By Stephen Landry
ASHBURNHAM — Next stop, creativity!
Students in Ashburnham and Westminster schools will be invited to fire up their problem-solving skills as Destination Imagination makes its return to the district after nearly 20 years.
“This program will teach students to work under pressure and manipulate materials in order to solve a challenge,” explained Karen Cloutier, the program’s affiliate director for Central Mass. She compared the tasks students will undertake to that facing the NASA officials who worked around the clock to save the Apollo 13 astronauts after one of their oxygen tanks exploded in space. The scientists on the ground were forced to find an improvised solution using a very limited supply of materials.
“It’s these types of challenges that we’re giving students and it’s, more importantly, those types of skills they’ll be learning,” Cloutier said.
The program, a worldwide educational nonprofit, is aimed at providing students an opportunity to acquire and practice the skills they will need to thrive in class, their future careers, and beyond by teaming up and using their ingenuity to solve a variety of Offered in 44 states and in 20 countries, the program is aimed at helping students develop an understanding of the creative process while finding innovative solutions to problems, according to Cloutier.
She added that the trial-and-error nature of the process provided by Destination Imagination gave the students an opportunity to fail a few times — without fear of the consequences — while on the path to success.
Teams of between two and six students will choose to take part in one of six challenge categories: technical, scientific, engineering, fine arts, improvisational, and service learning, in which students will identify a problem in their community and develop ways to address it. A non-competitive early learning challenge will be available to students from preschool to second grade, and is designed to encourage children to be creative, learning simple building and construction, and become comfortable working in teams.

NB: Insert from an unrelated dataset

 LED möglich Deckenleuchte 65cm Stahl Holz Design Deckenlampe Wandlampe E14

School Librarian Jenna Morin, who will serve as the program’s district coordinator, said she had participated in Destination Imagination as a student in Colorado and Virginia. “I started (in the program) when I was young and even though I was active in dancing and playing sports, (Destination Imagination) is what gave me the skills that I have taken with me,” Morin said. She said she hoped the program would spread to other schools in the area.

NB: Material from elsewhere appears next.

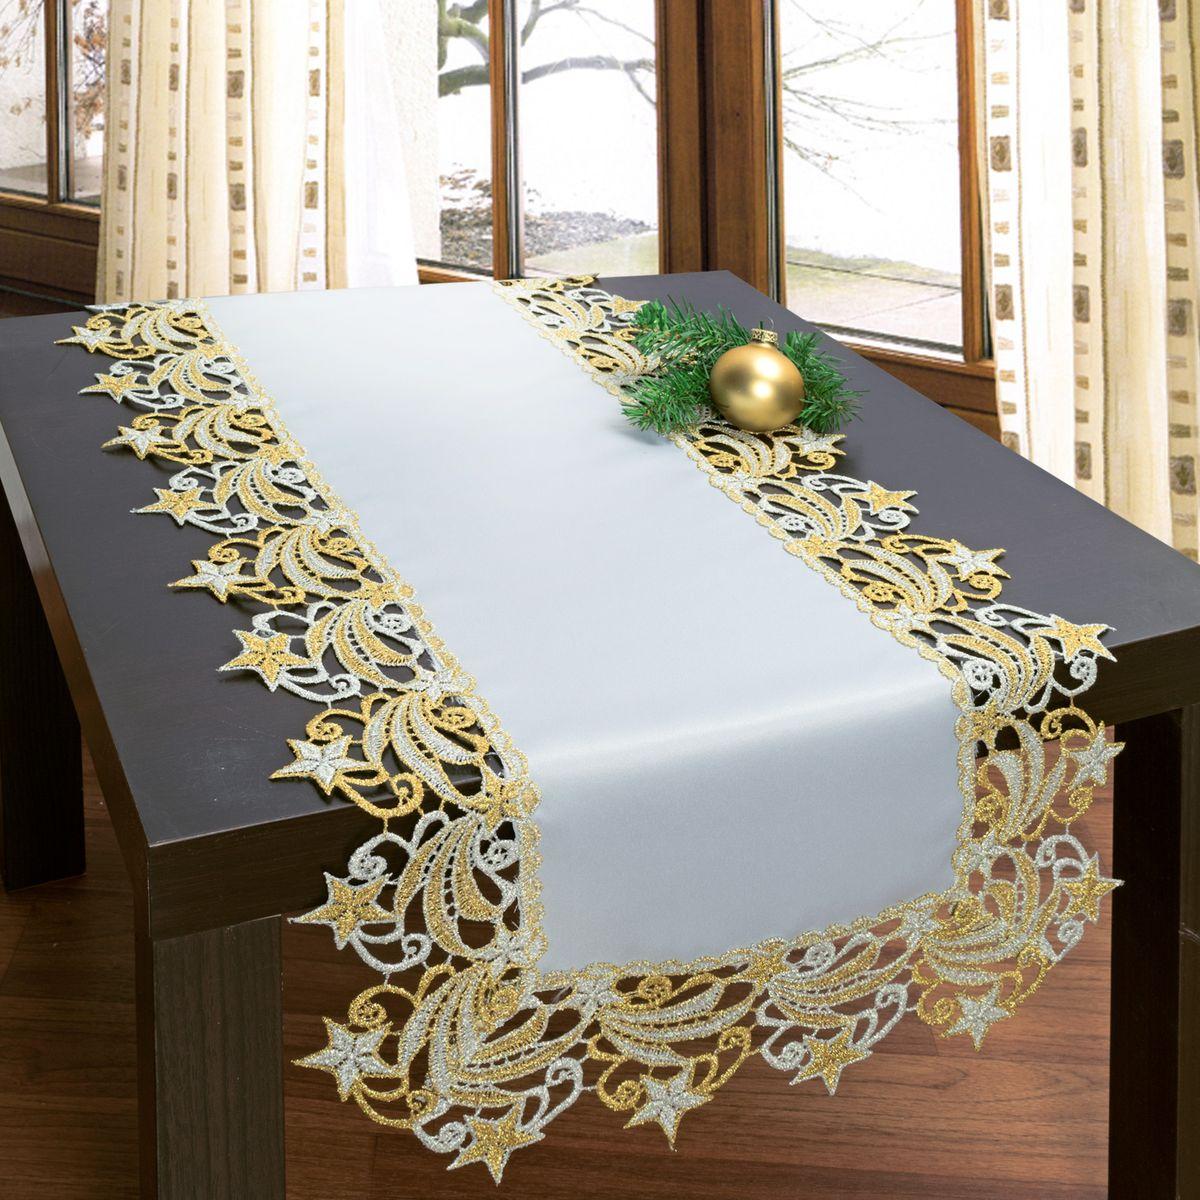 Дорожка для декорирования стола Schaefer, 40 х 100 см, цвет: белый, бежевый. 30761501000795Дорожка для декорирования стола Schaefer может быть использована, как основной элемент, так и дополнение для создания уюта и романтического настроения.Дорожка выполнена из полиэстера. Изделие легко стирать: оно не мнется, не садится и быстро сохнет, более долговечно, чем изделие из натуральных волокон.Материал: 100% полиэстер.Размер: 40 х 100 см.

The program, which will begin in the fall and continue through the 2019-2020 school year, will see students competing against nearly 600 other teams in the state in six regional tournaments next March. A state tournament will determine which teams will move on and compete in the Global Finals in May.

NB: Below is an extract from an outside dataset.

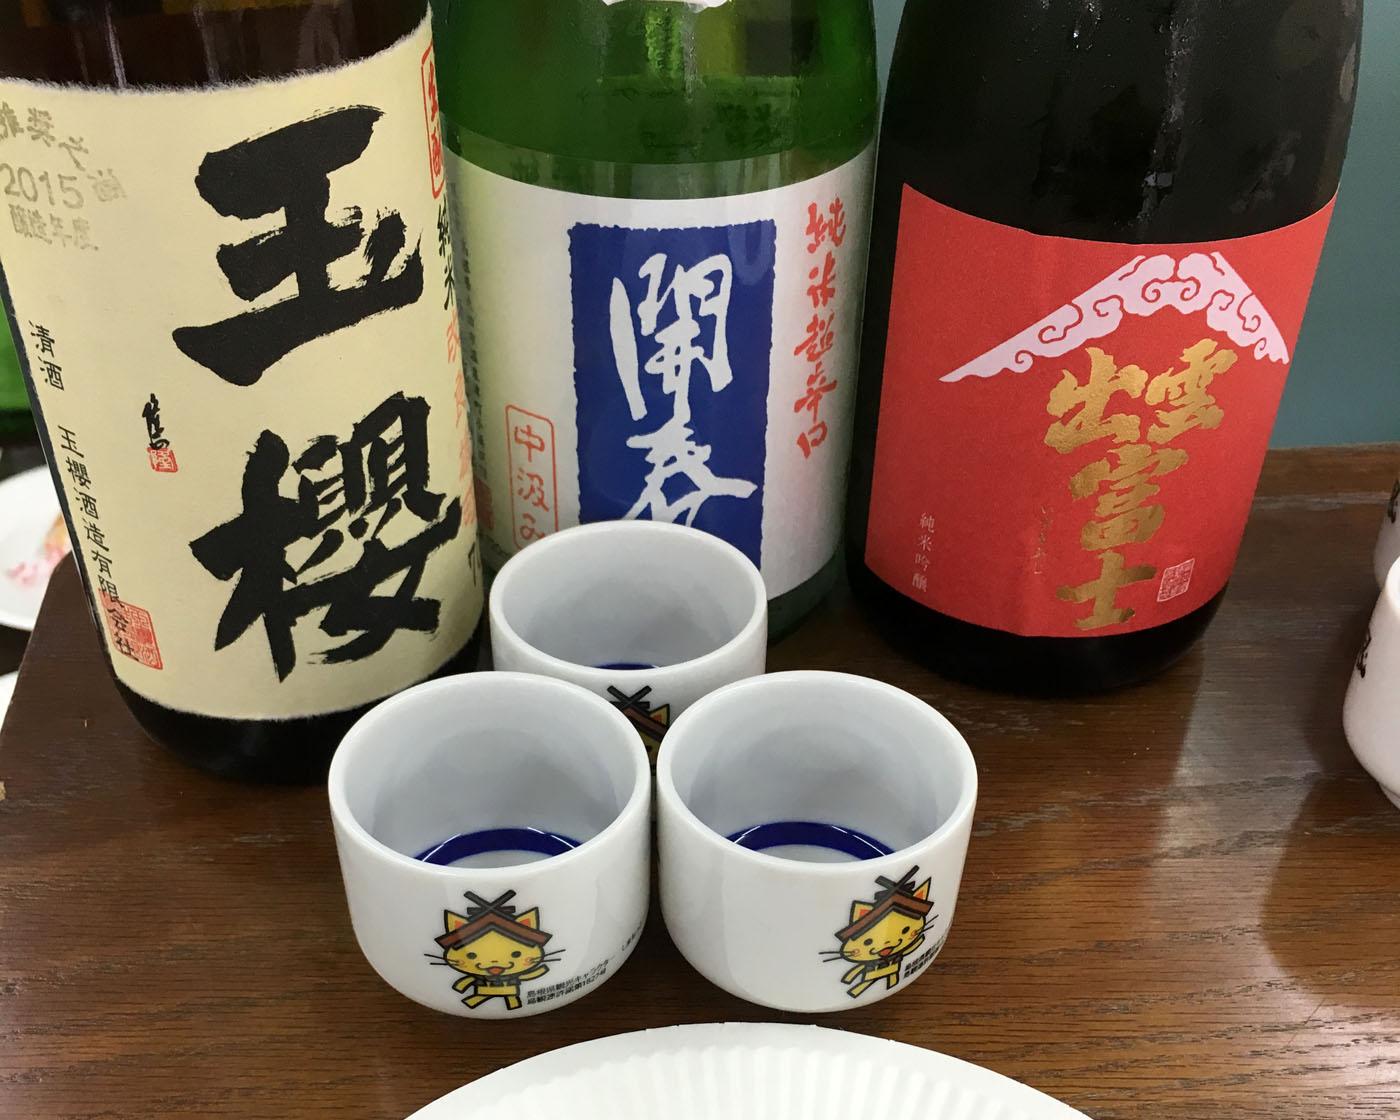 Enjoy the world of Sake

Jordan Cormier, who took part in the program while a student at Oakmont in the 1990s, said Destination Imagination had provided him with an opportunity to tackle and solve technical and engineering problems at time in which there were not many robotics competitions in the area.
“This program gave technical-minded individuals to have an outlet and feel good by competing in something,” Cormier said. He added that the school stopped hosting Destination Imagination shortly after he graduated in 1999, but said that didn’t stop his involvement in the program. Cormier currently serves as the International Challenge Master for the program’s technical challenge, meaning teams competing from around the world will face a diabolical technical puzzle of his own design.
“I am tremendously thankful to see Destination Imagination coming back to the school,” Cormier said. “It’s a very nostalgic thing to see my school system come back into the program that has meant so much to me.”